This article describes how to go from a Latent Class Analysis segmentation output:
To a Segmentation Comparison Table which profiles the segments against other questions in your survey (e.g., demographic, behavioral, attitudinal questions):
Requirements
- A variable in your dataset containing cluster/segment membership.
- Demographic, behavioral, attitudinal or other questions in your dataset that you want use to profile the segments.
Method
- From the toolbar, select Anything > Advanced Analysis > Cluster > Segment Comparison Table.
- From the Data tab of the object inspector on the left, select the variable containing the segments from the Variable dropdown box.

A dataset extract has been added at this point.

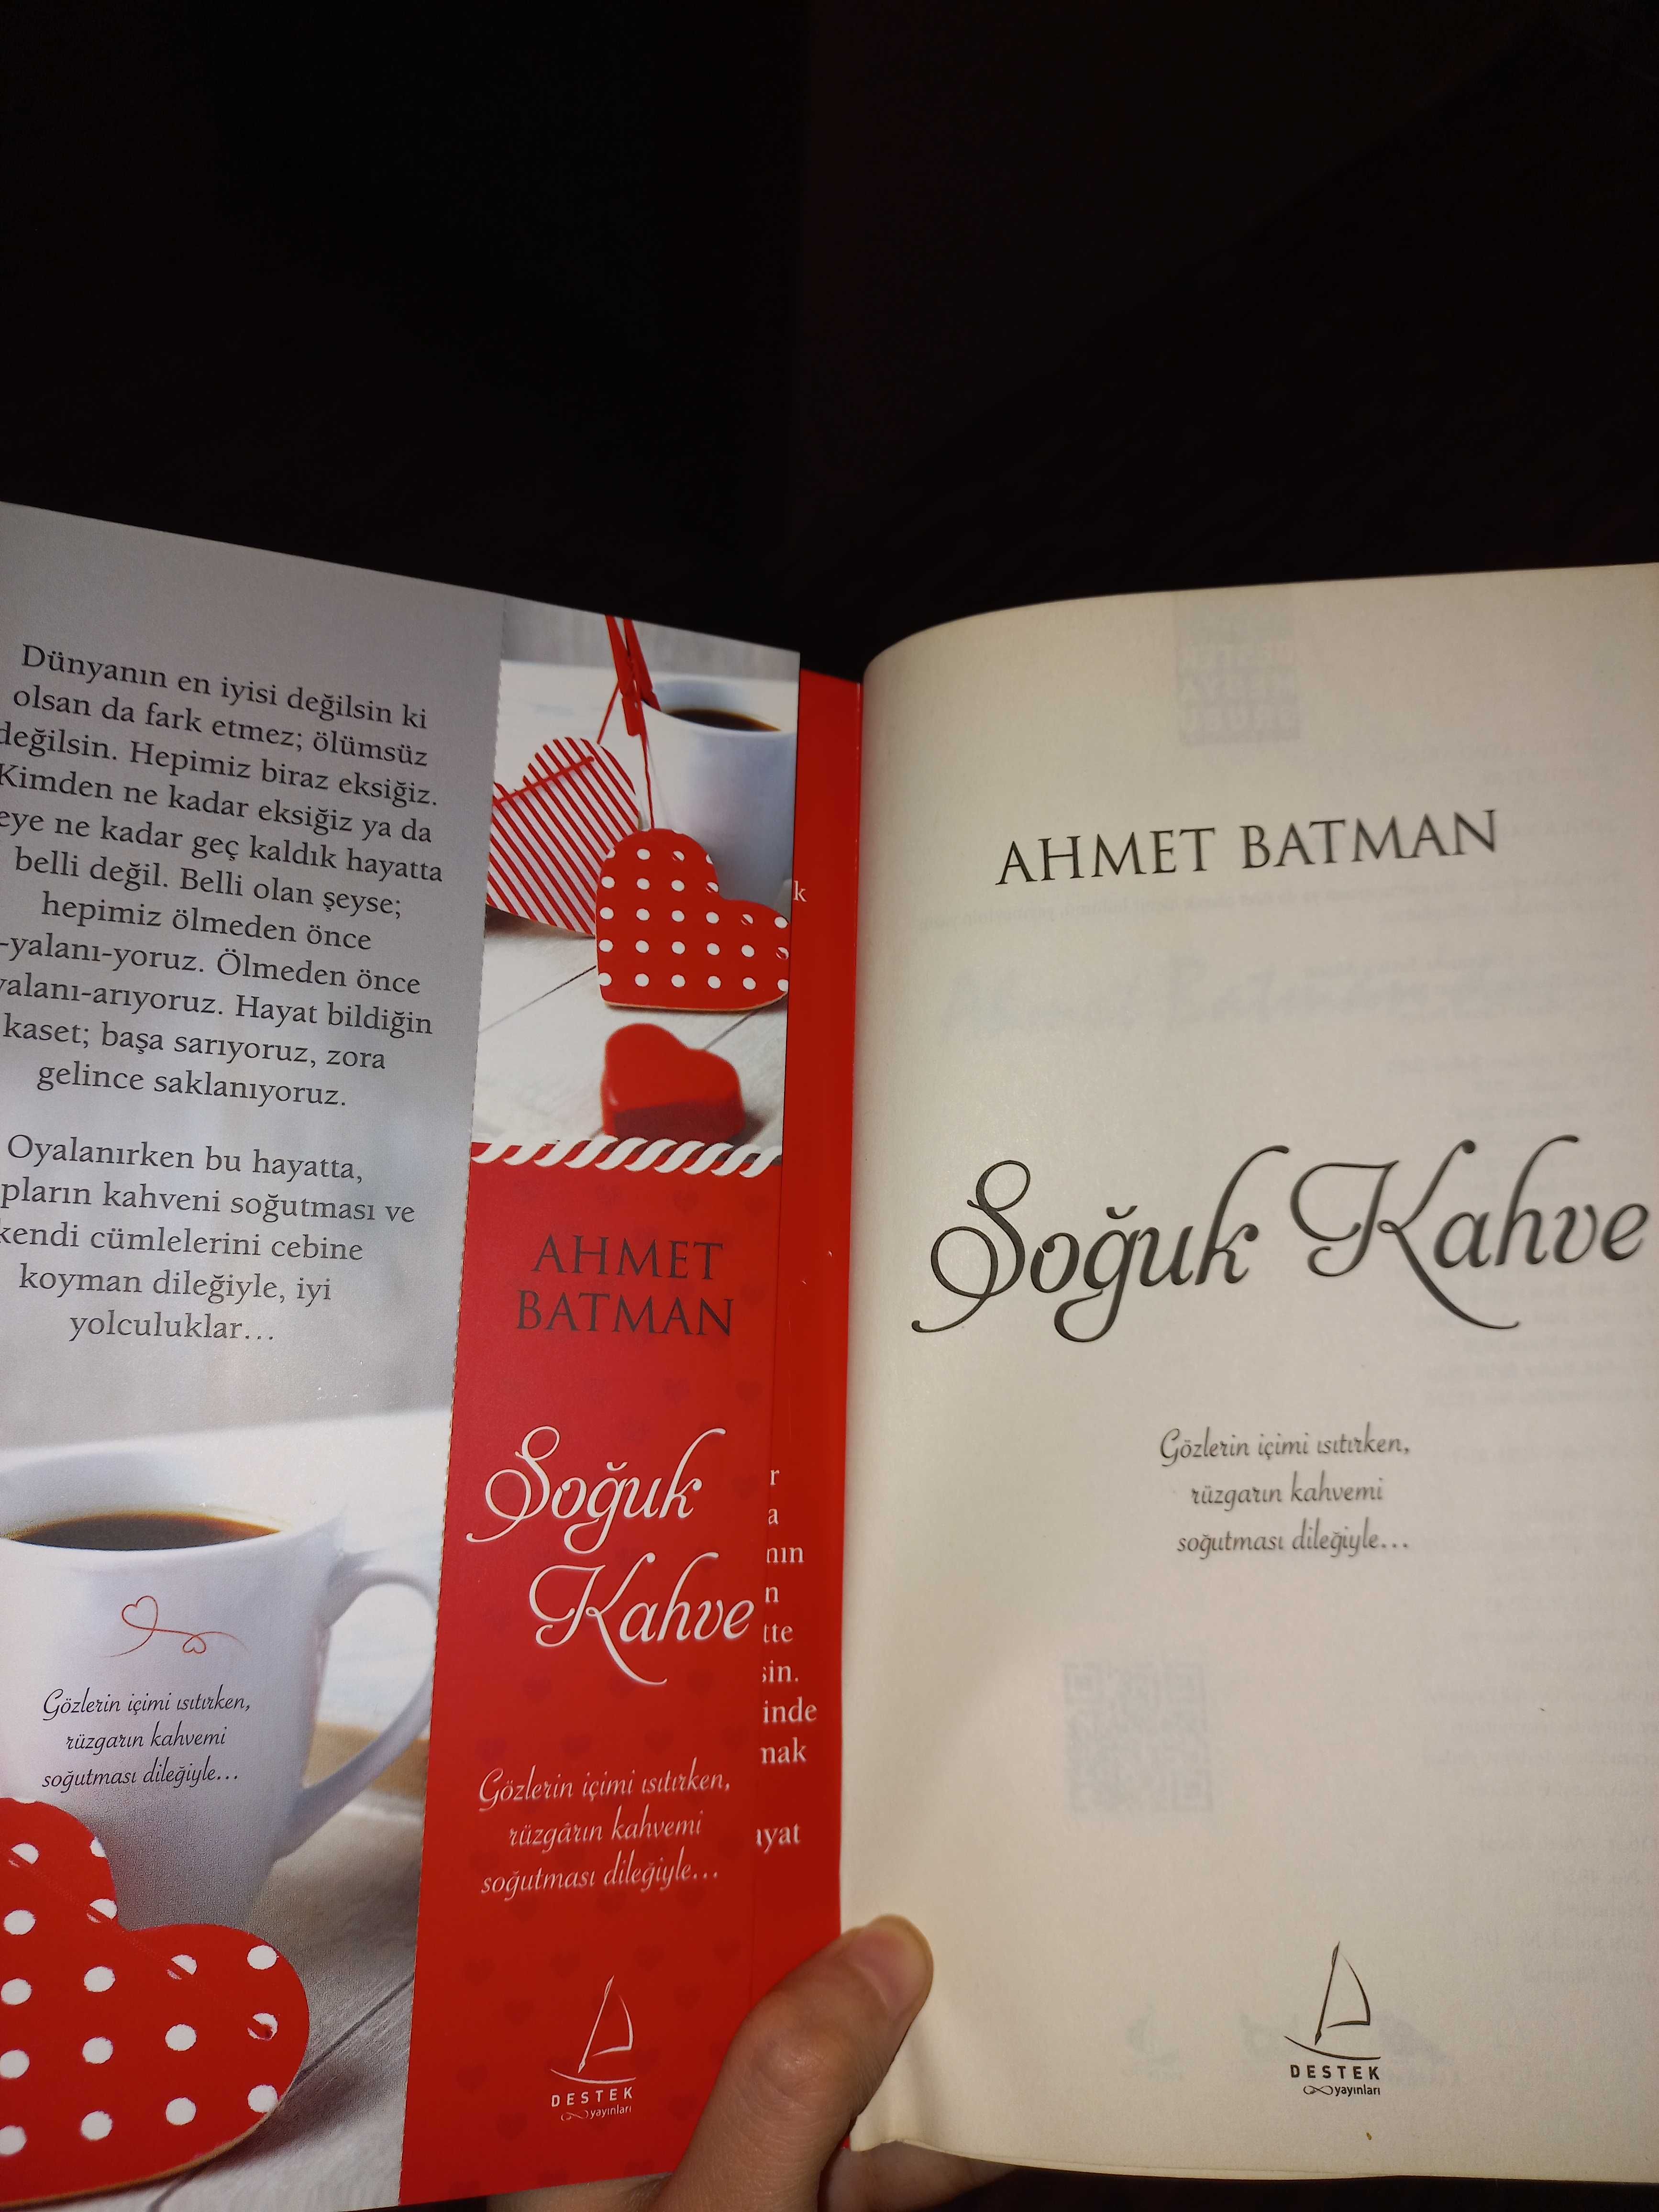 Турецкая книга на турецком языке "Ahmet Batman - Soğuk kahve"
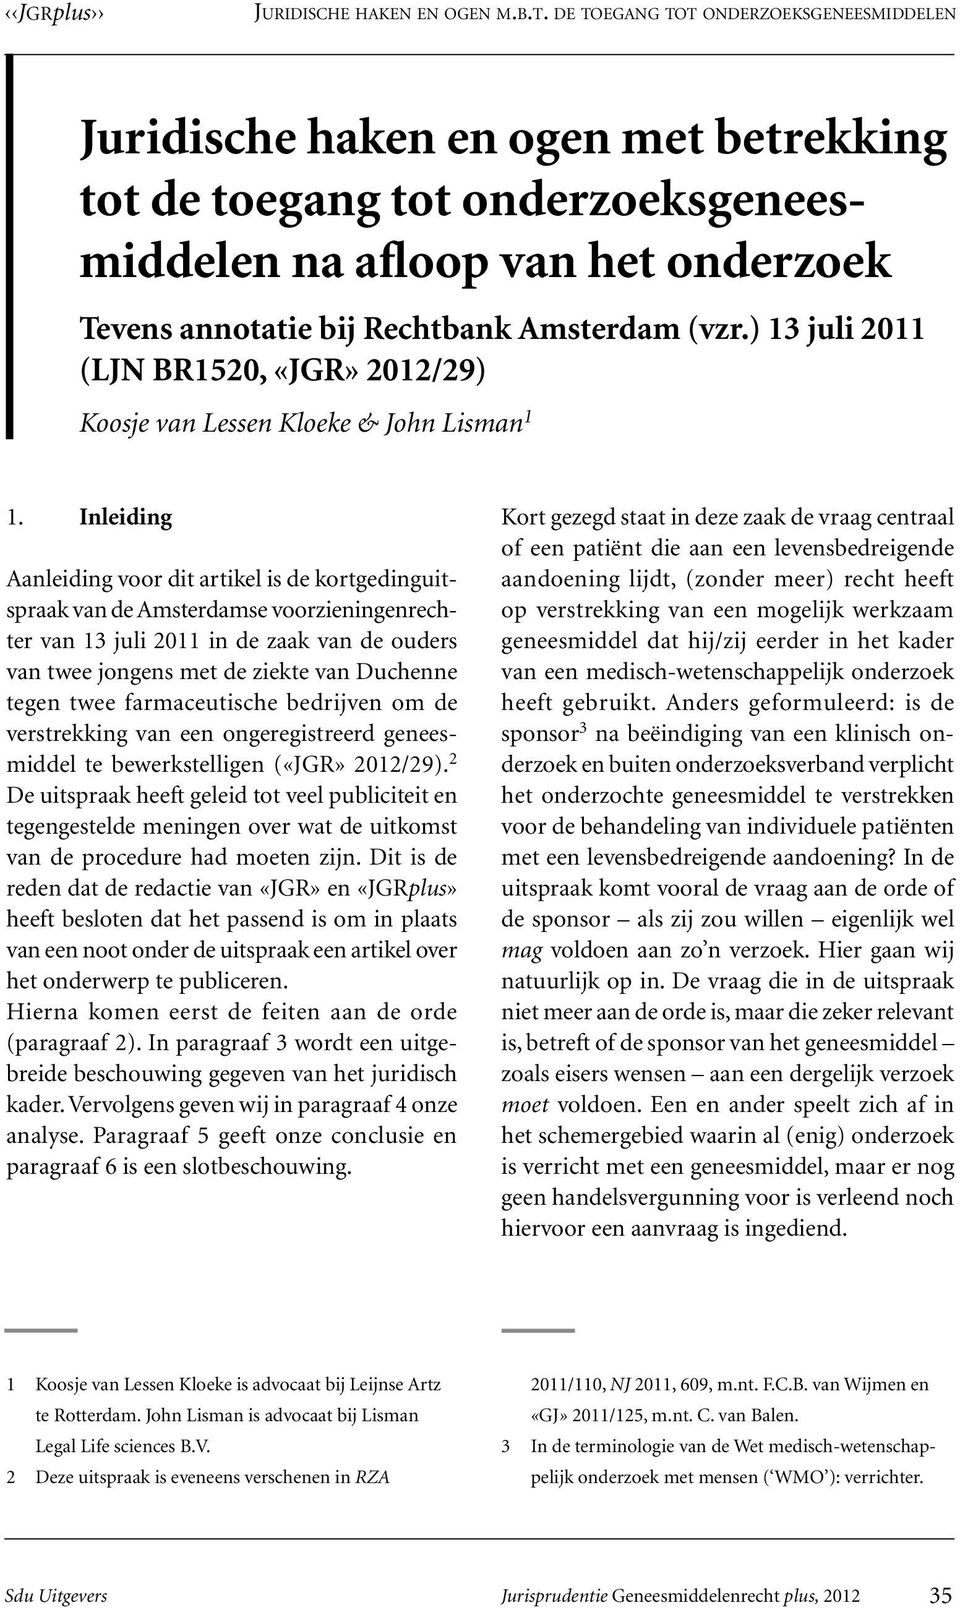 Inleiding Aanleiding voor dit artikel is de kortgedinguitspraak van de Amsterdamse voorzieningenrechter van 13 juli 2011 in de zaak van de ouders van twee jongens met de ziekte van Duchenne tegen

- From the Profiling variables dropdown, select the questions you want to use to profile the segments.
- Click the Calculate button to generate the comparison table. The segments will be displayed across the top with the profiling question categories in the rows.
Options
Use one of Variable containing segment membership (default) or K-Means. The second option allows users to construct a K-Means model and profile the predicted clusters in one step.
Variable A nominal or ordinal variable. The categories of the variable will make up the columns of this table.
Profiling variables One or more variable or variable sets. These can be of any type except text.
Show index values Show column percentages and averages as a proportion of the total for the row. This is the same as shown in Displayr tables.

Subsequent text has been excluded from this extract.